We’ve had a rough ride during the past week.
On Monday our stock market fell 500 points. Later that day, Republican Vice-Presidential candidate Sarah Palin checked under her bed to make sure she had plenty of dry goods stockpiled, in case the Rapture starts early and Republicans head en masse for the haven of Alaska. She also gave the National Guard orders to turn back Democrats and other heathens at the state line.
Republican Presidential Candidate John McCain struck a stately pose and pointed out that the “Fundamentals of our economy are strong.”
On Tuesday President Bush appeared in the Rose Garden to reassure us there was no reason to panic. He stared into the teleprompter, apparently noticed someone wearing an Obama button (insert your own plausible explanation here if you don’t like mine), got miffed and stalked back into the White House without delivering his soothing recommendation to gas up and go shopping at WalMart.
Later that day Republican Presidential Candidate John McCain struck another stately pose and said, with the stern voice of conviction, that he opposed any bailout of insurance giant AIG.
On Wednesday Republican Presidential candidate John McCain reversed his career-long position in favor of Deregulation, explaining we need more regulation to stop Obama from ruining the economy. Then he said that if he were President he would fire Colonel Sanders, the CEO of Kentucky Fried Chicken. Hmmm... does the Deregulation McCain previously supported permit dead mascots to hold CEO positions?
Later that day McCain struck another stately pose (he has three, unless he is campaigning with Palin, in which case he has none) and said, with the stern voice of conviction, that he supported the newly announced bailout of insurance giant AIG.
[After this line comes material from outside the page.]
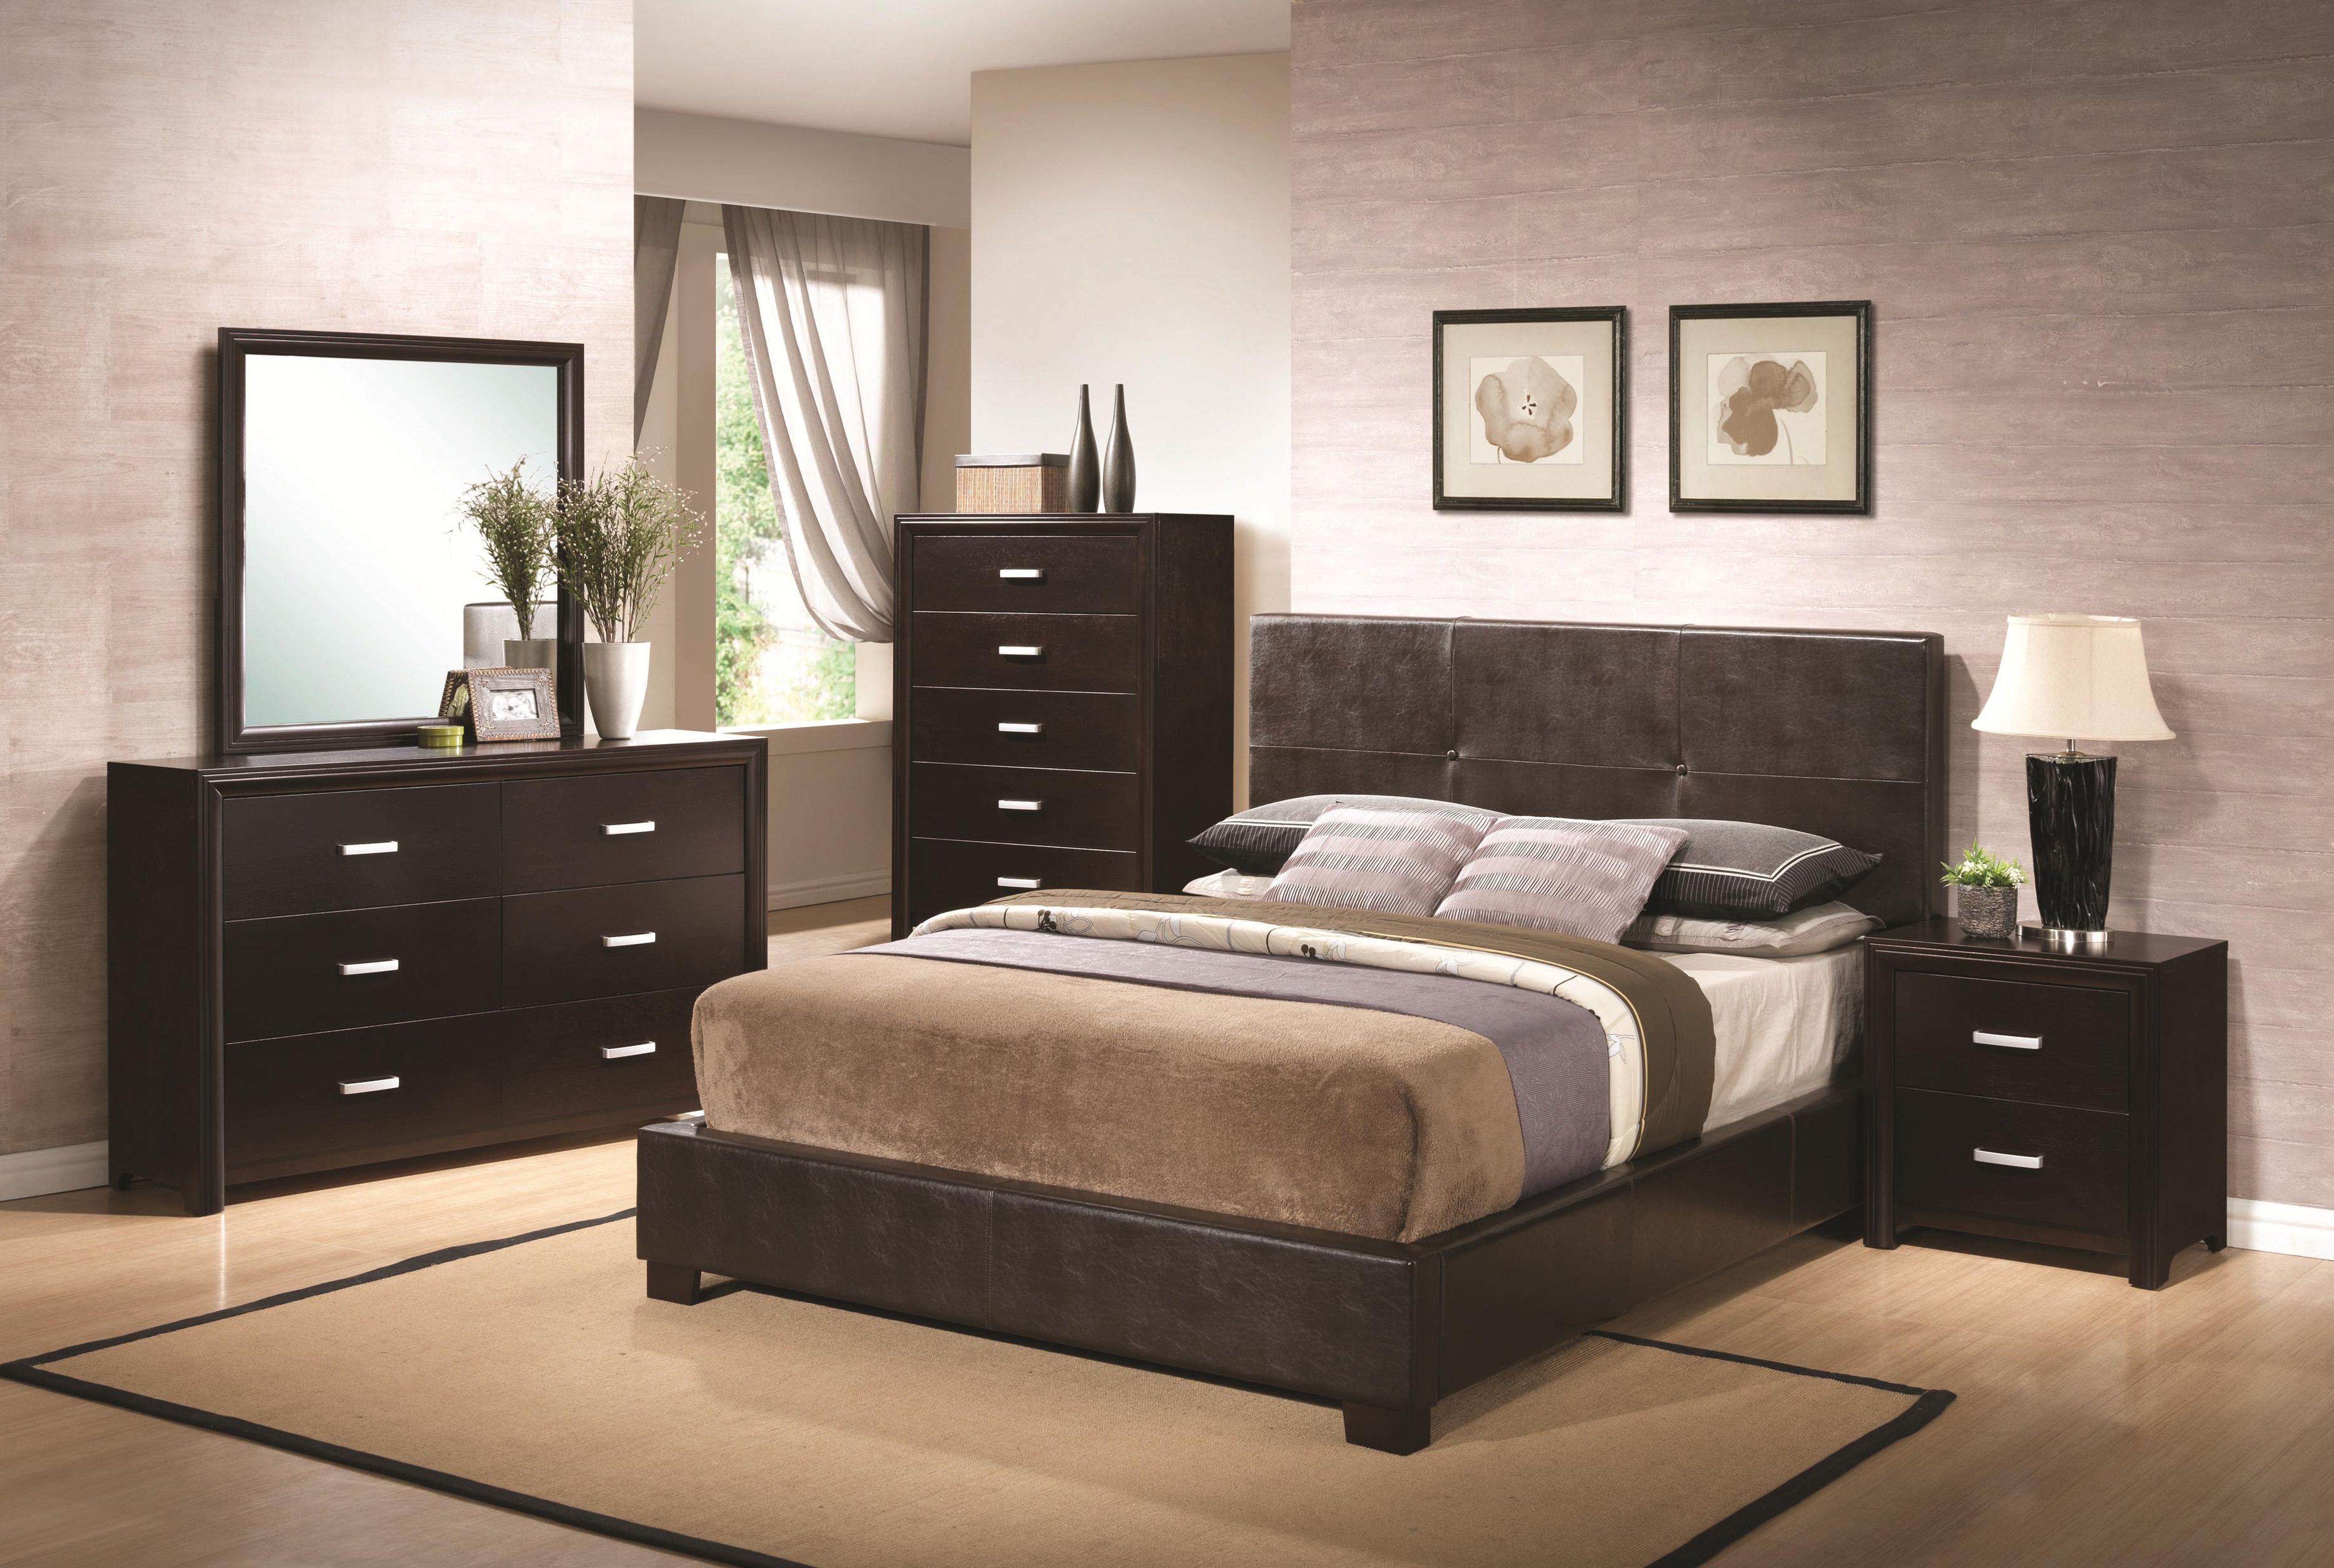 Bedroom Furniture Sets Ikea Hawk Haven

On Thursday my cable and Internet crashed. Mustering every ounce of intellectual strength to stave off a paranoid fear that Patriot Act goons were trying to silence the righteous howl of my blog, I popped open a bottle of Pouilly-Fuisse and downed it with a box of Christmas truffles I found in the back of my freezer, figuring it was as good a time as any to write a poem about elitism, or at least to get drunk. “McCain has nine houses, not seven,” I wrote. “Obama lived on food stamps and organized the poor in heaven,” I continued. Realizing I was a better drunk than a poet, I passed out.
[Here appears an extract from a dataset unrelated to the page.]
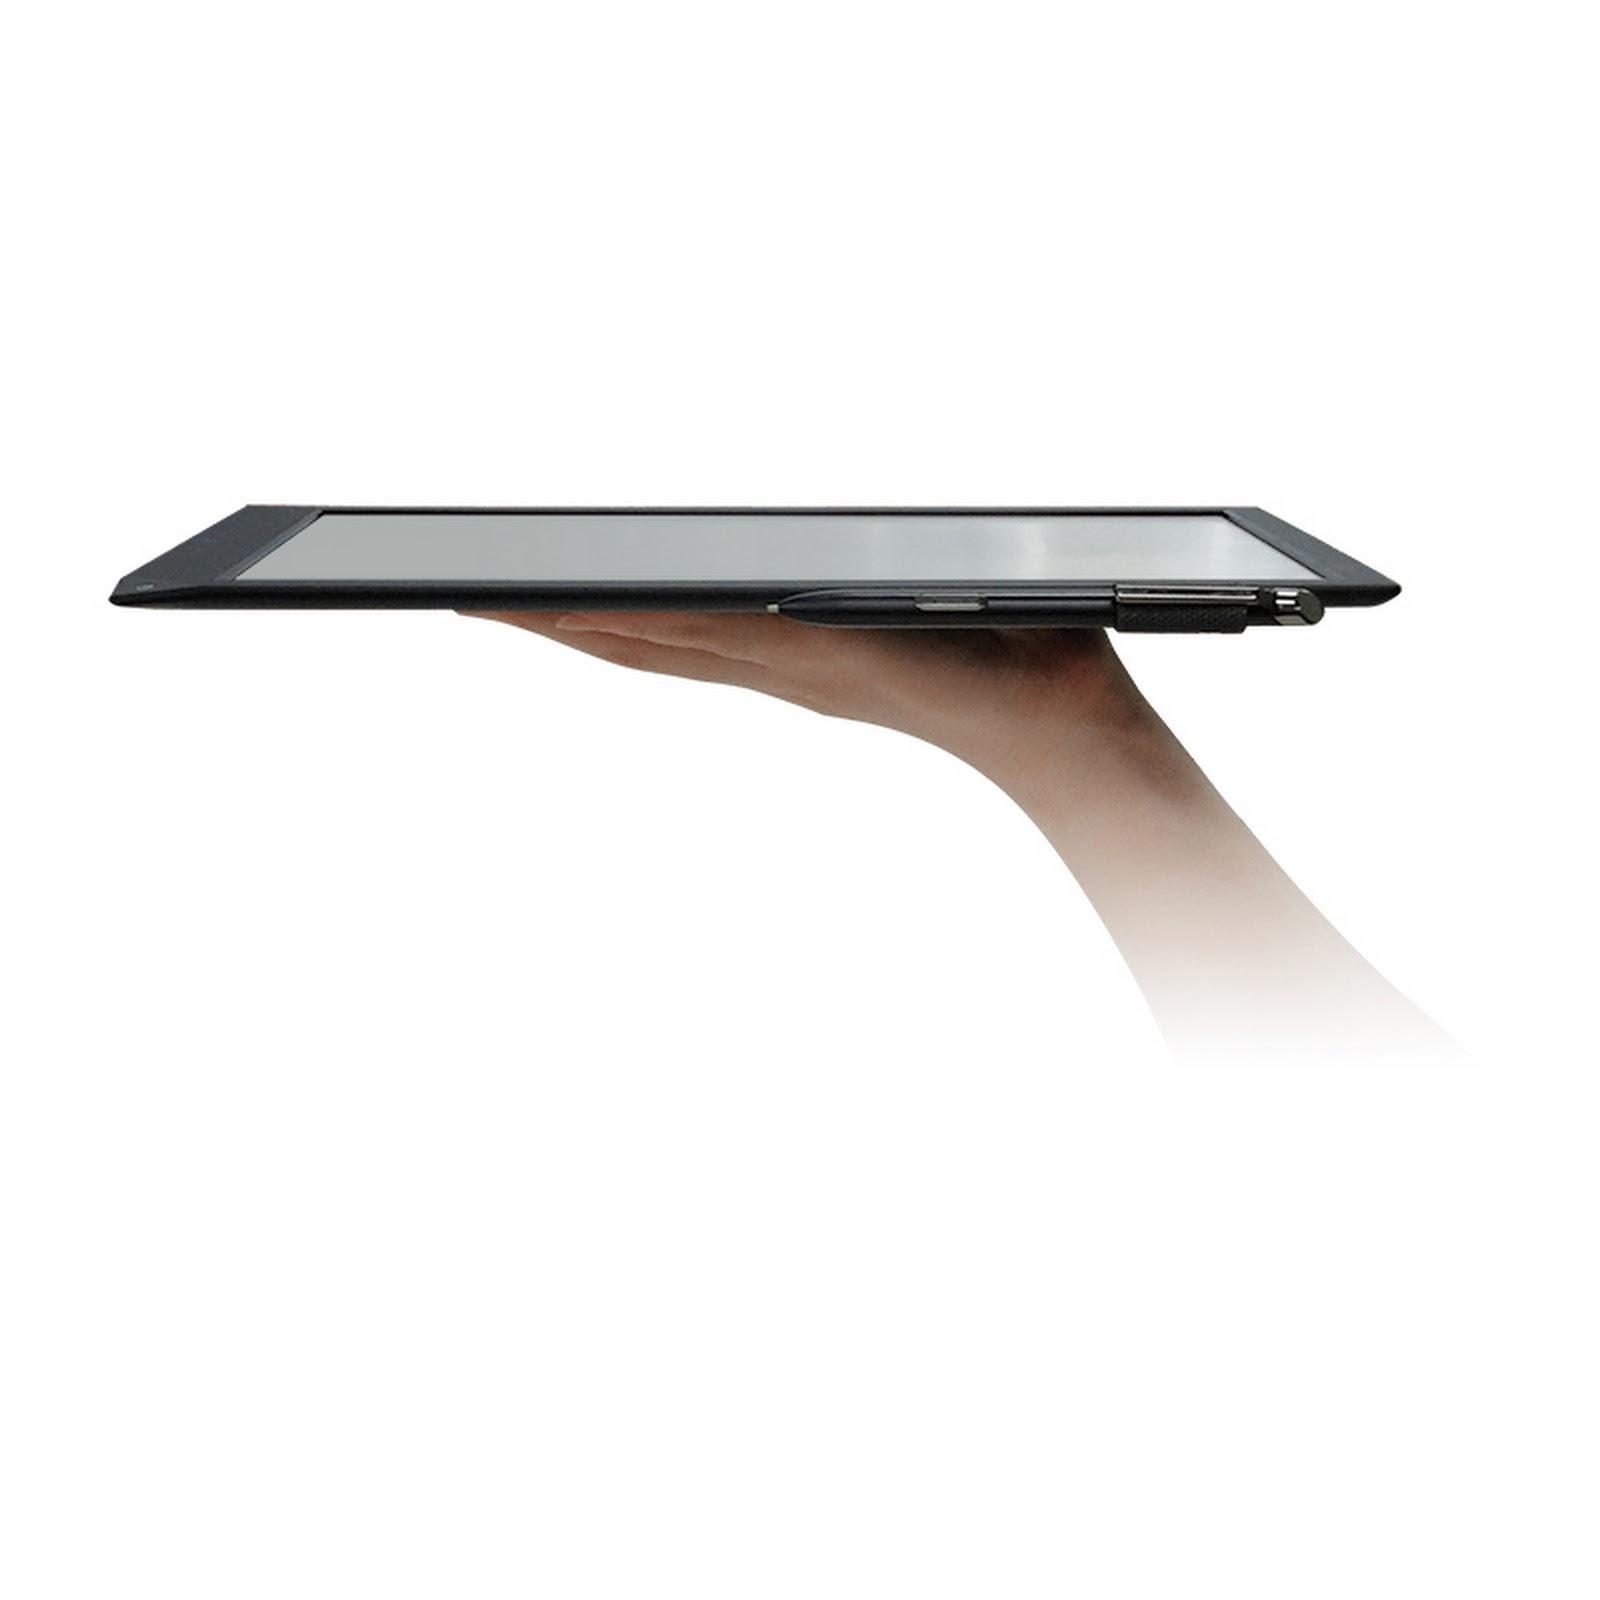 Sony DPT S1 tamaño A4

On Friday morning I awoke to find that my cable was back up, that President Bush has proposed we bail out the stock market with taxpayer funds we don’t have and aren’t likely to pull out of our asses any time soon, and that the stock market was soaring in joyous appreciation. Brokers scampered like geckos up their skyscraper walls to windows they had jumped from earlier in the week, chanting, “Greed is Good.” Well, what would YOU do if your neighbors took up a collection and paid off your credit card debt, your mortgage and your car loans, then dropped that pesky lawsuit against you for stealing Social Security checks from their mailboxes?
Now it’s Monday again.
The dust is settling from last week’s stock market crash (Adjustment, my portfolio!) and the bailout, in the morning sunlight, doesn’t look nearly as good as when we dragged it home from the bar over the weekend. It looks tired and old, like something we’ve seen before… remember the Patriot Act? This, too, was hastily crafted to meet an emergency, and Congress was so pressured to pass it that many didn’t read its provisions.
Now Bush is pressuring Congress to “act urgently” again, and greenlight a bailout that is sloppier than an unwanted sexual advance from Bill O’Reilly: It would give the Bush administration the authority to spend $700 BILLION on the bailout, plus economic intervention powers so sweeping that they have no precedent in U.S. history. The Treasury would be empowered to act unilaterally. No court or administrative body could review its decisions, and once the “emergency legislation” is approved, Bush could raise the $700 Billion by methods not subject to Congress’ traditional power of the purse.
Somewhere in the plan, there probably is also a no-bid contract waiting to be assigned to Haliburton.
So, what strategic watering hole should we head for now?
Should we say, “No!” to the bailout, creating another battlefront in our contentious Presidential race?
Should we make room in the Presidential debate for those who believe the financial crisis was staged, much as they think 9-11 was staged, to distract us from the real issues of the economy, the war and the economy?
Should we fake a heart attack for Joe Biden so he can gracefully resign his candidacy, clearing a path for Hillary to arrive in shining armor on a white steed and save us? (Anyone who can guess the number of friends who have suggested exactly that will win my Bear-Stearns stock.)
Induce a collective medical coma that will last until the morning of November 5, leaving strict instructions to revive us only for President Obama’s acceptance speech? Failing that, should we donate our bodies to medical research in another country, since science will no longer be funded in a McCain/Palin America?
No. Those are loser moves.
Instead, we should stop pretending this isn’t a fight to the death for the freedoms we cherish, because that’s exactly what it is, and devote our time to phone banking, registering new voters, volunteering to drive shut-ins to the polls, and generally behaving like winners.
Innkeeper! Fresh horses for my Dems!